About this exercise: A line below contains "Celebrating Dr. C.", and a later one contains "Computer class headphones". Repeat both, with every line between them, exactly.

Data to use:
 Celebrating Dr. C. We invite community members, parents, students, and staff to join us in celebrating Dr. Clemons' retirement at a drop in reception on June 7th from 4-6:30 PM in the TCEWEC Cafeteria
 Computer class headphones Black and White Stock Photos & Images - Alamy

--

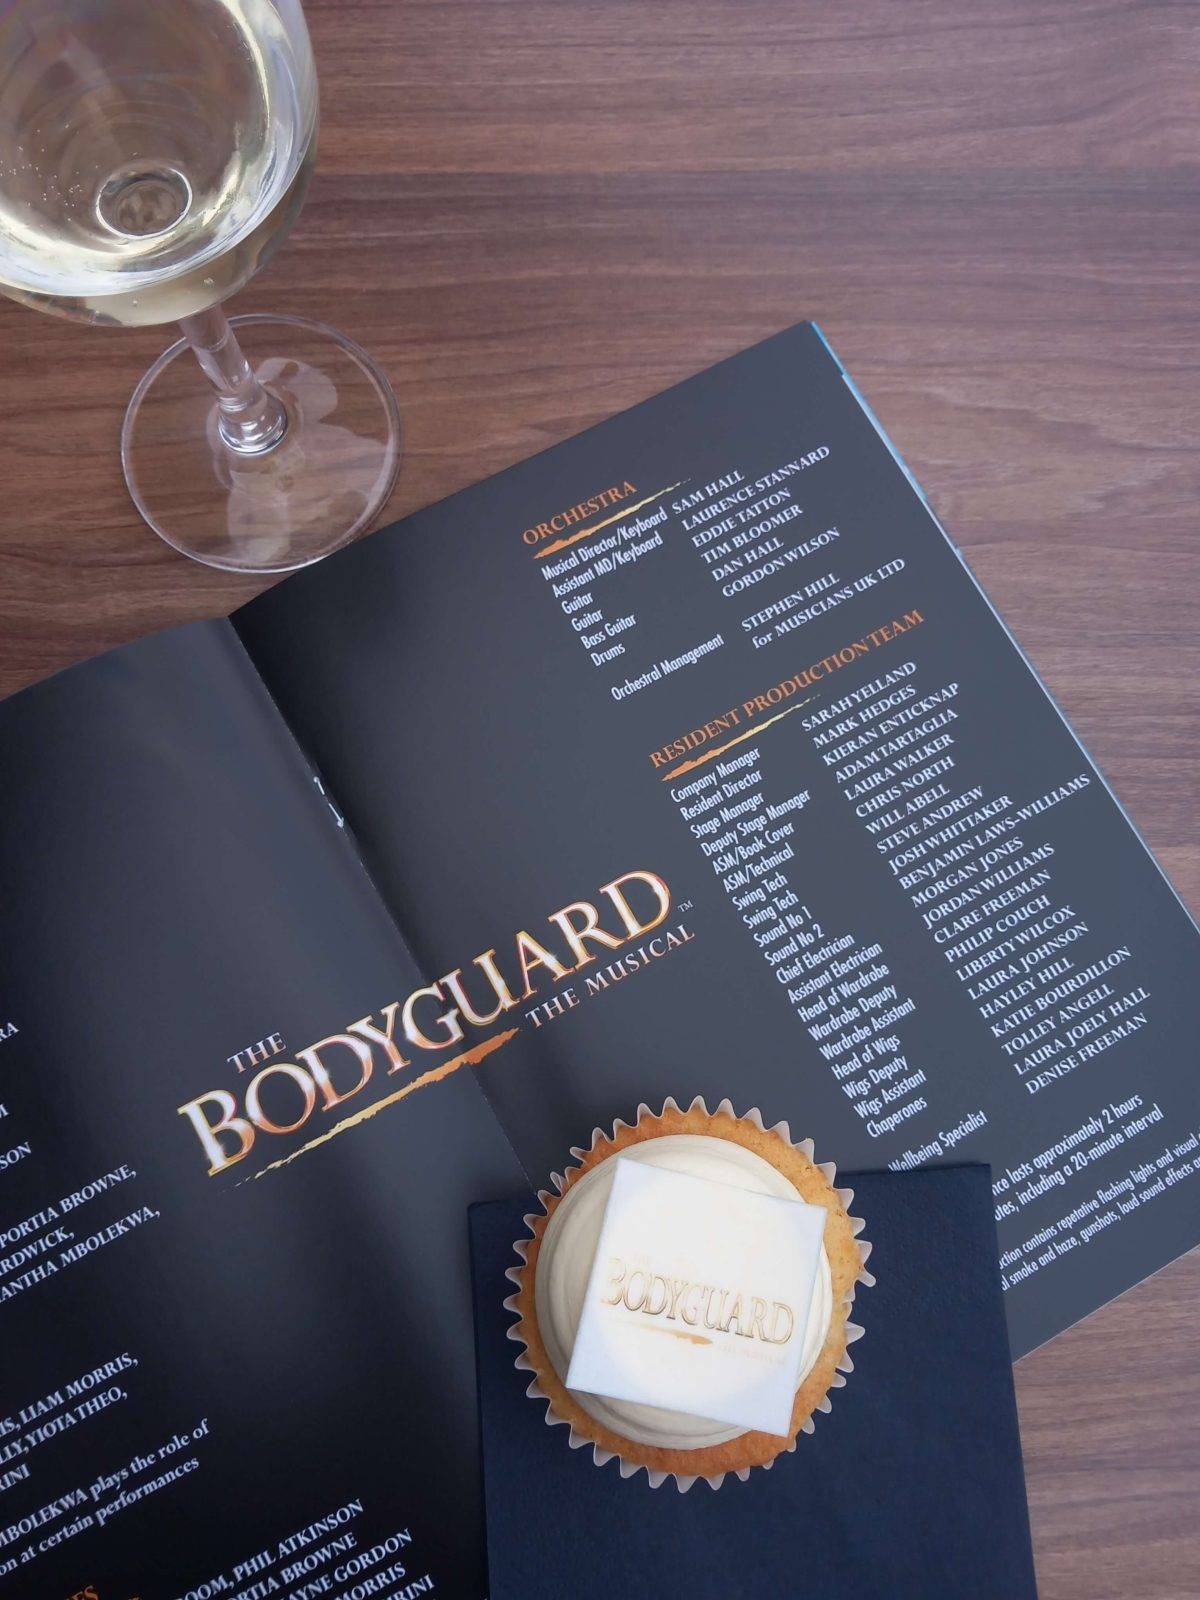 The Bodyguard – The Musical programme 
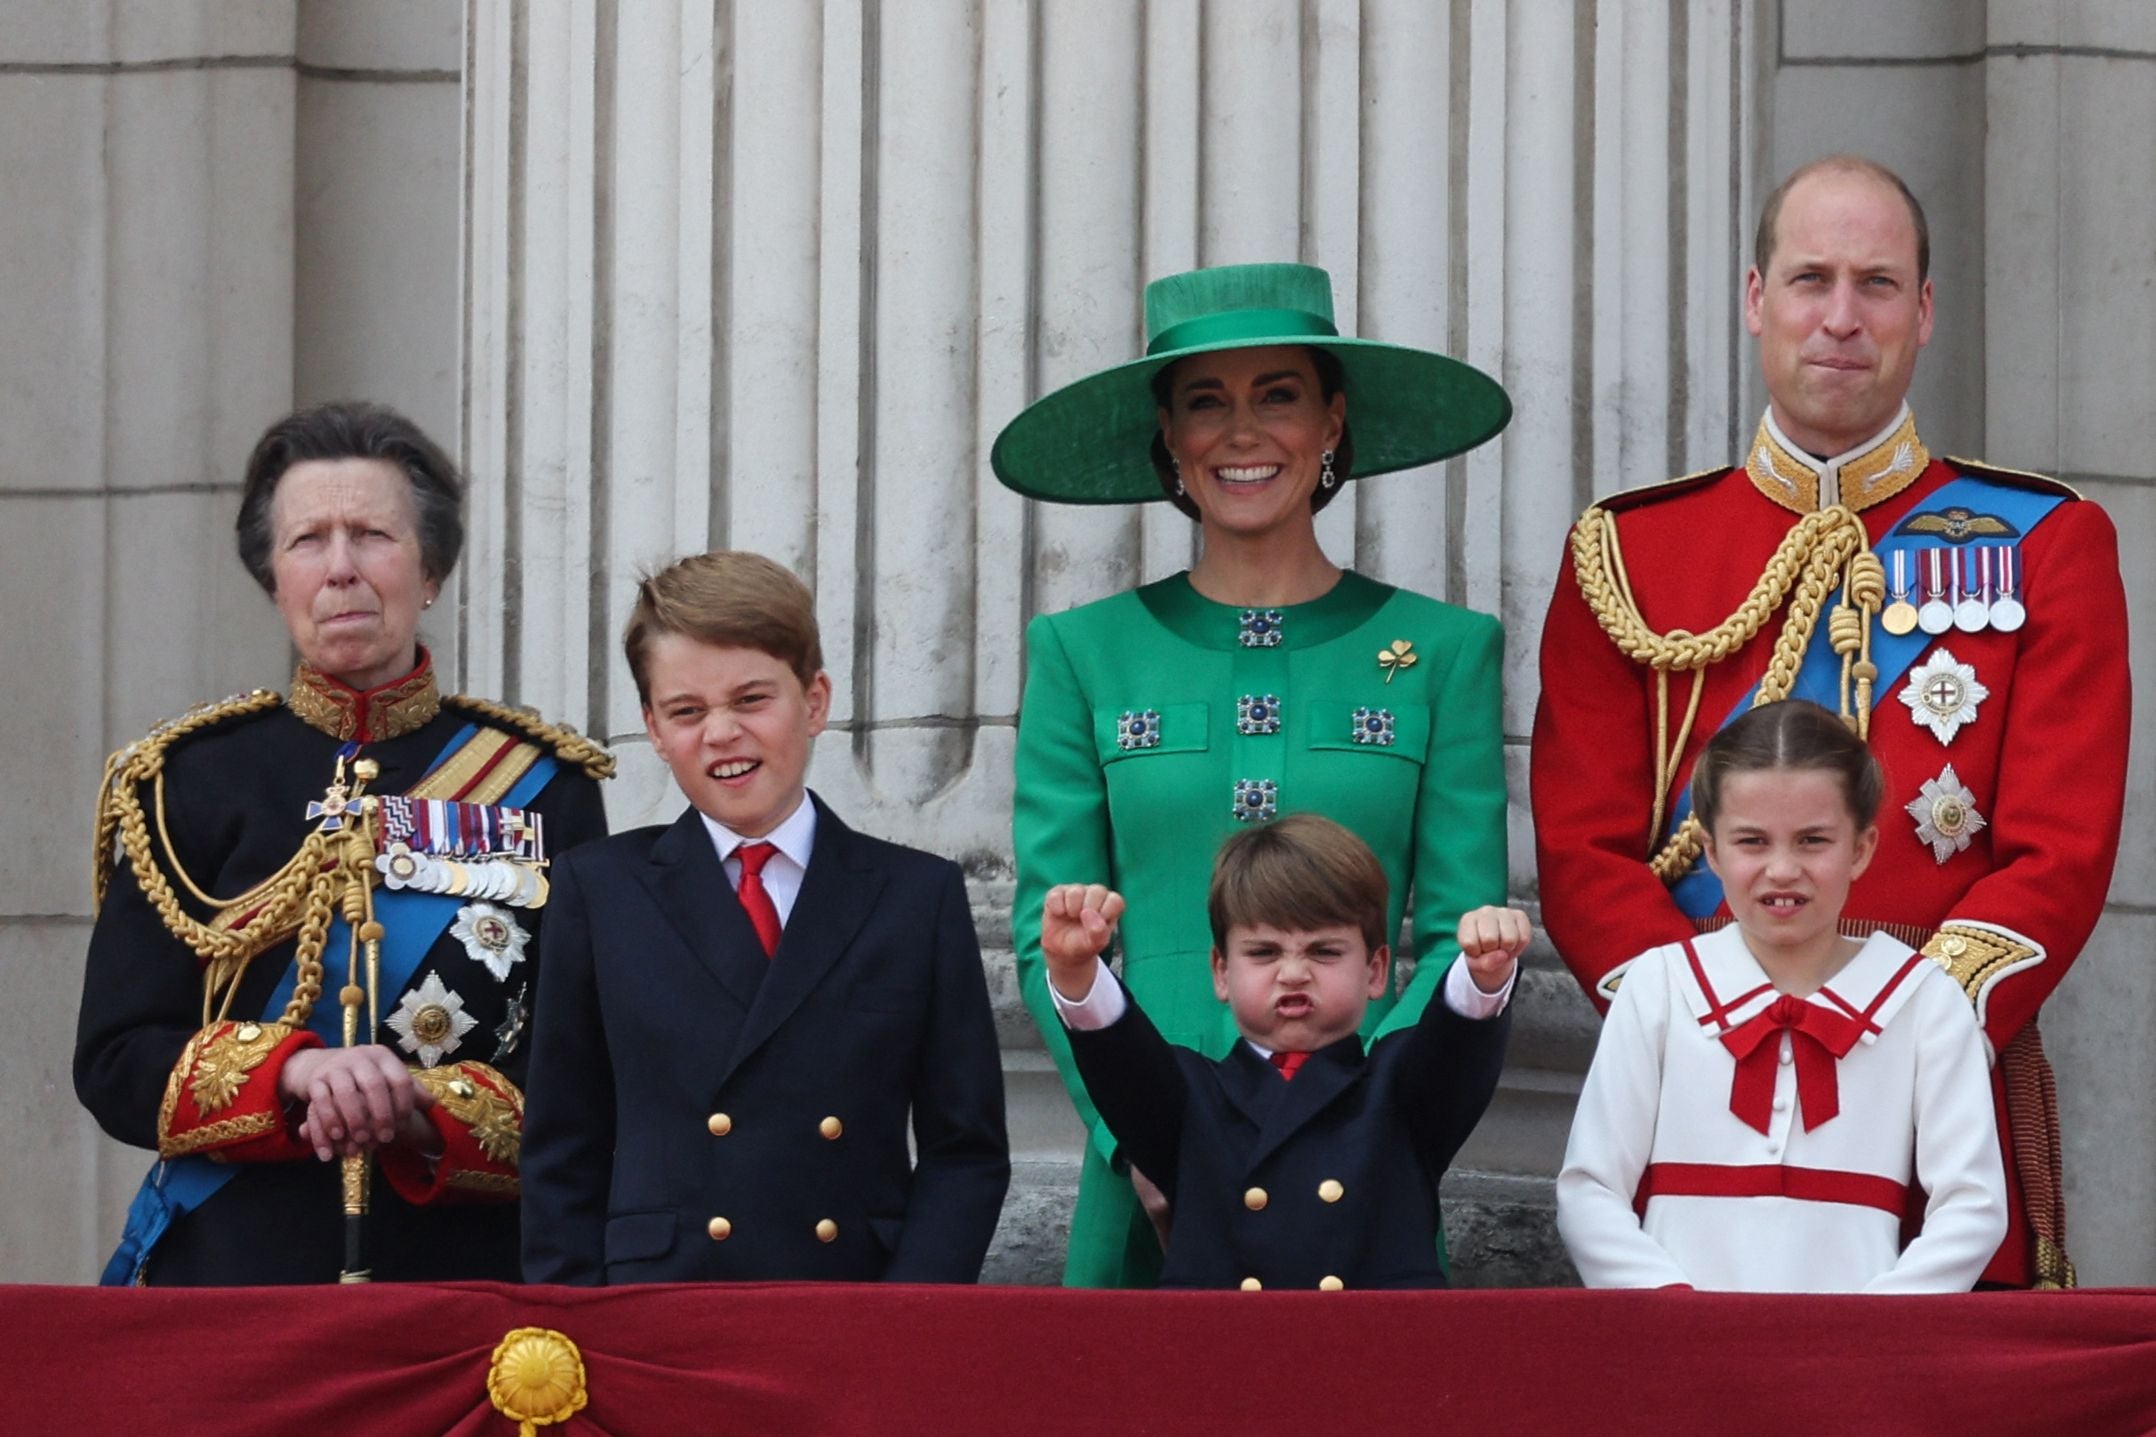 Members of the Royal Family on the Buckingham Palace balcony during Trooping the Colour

Answer box:
 Celebrating Dr. C. We invite community members, parents, students, and staff to join us in celebrating Dr. Clemons' retirement at a drop in reception on June 7th from 4-6:30 PM in the TCEWEC Cafeteria
 Computer class headphones Black and White Stock Photos & Images - Alamy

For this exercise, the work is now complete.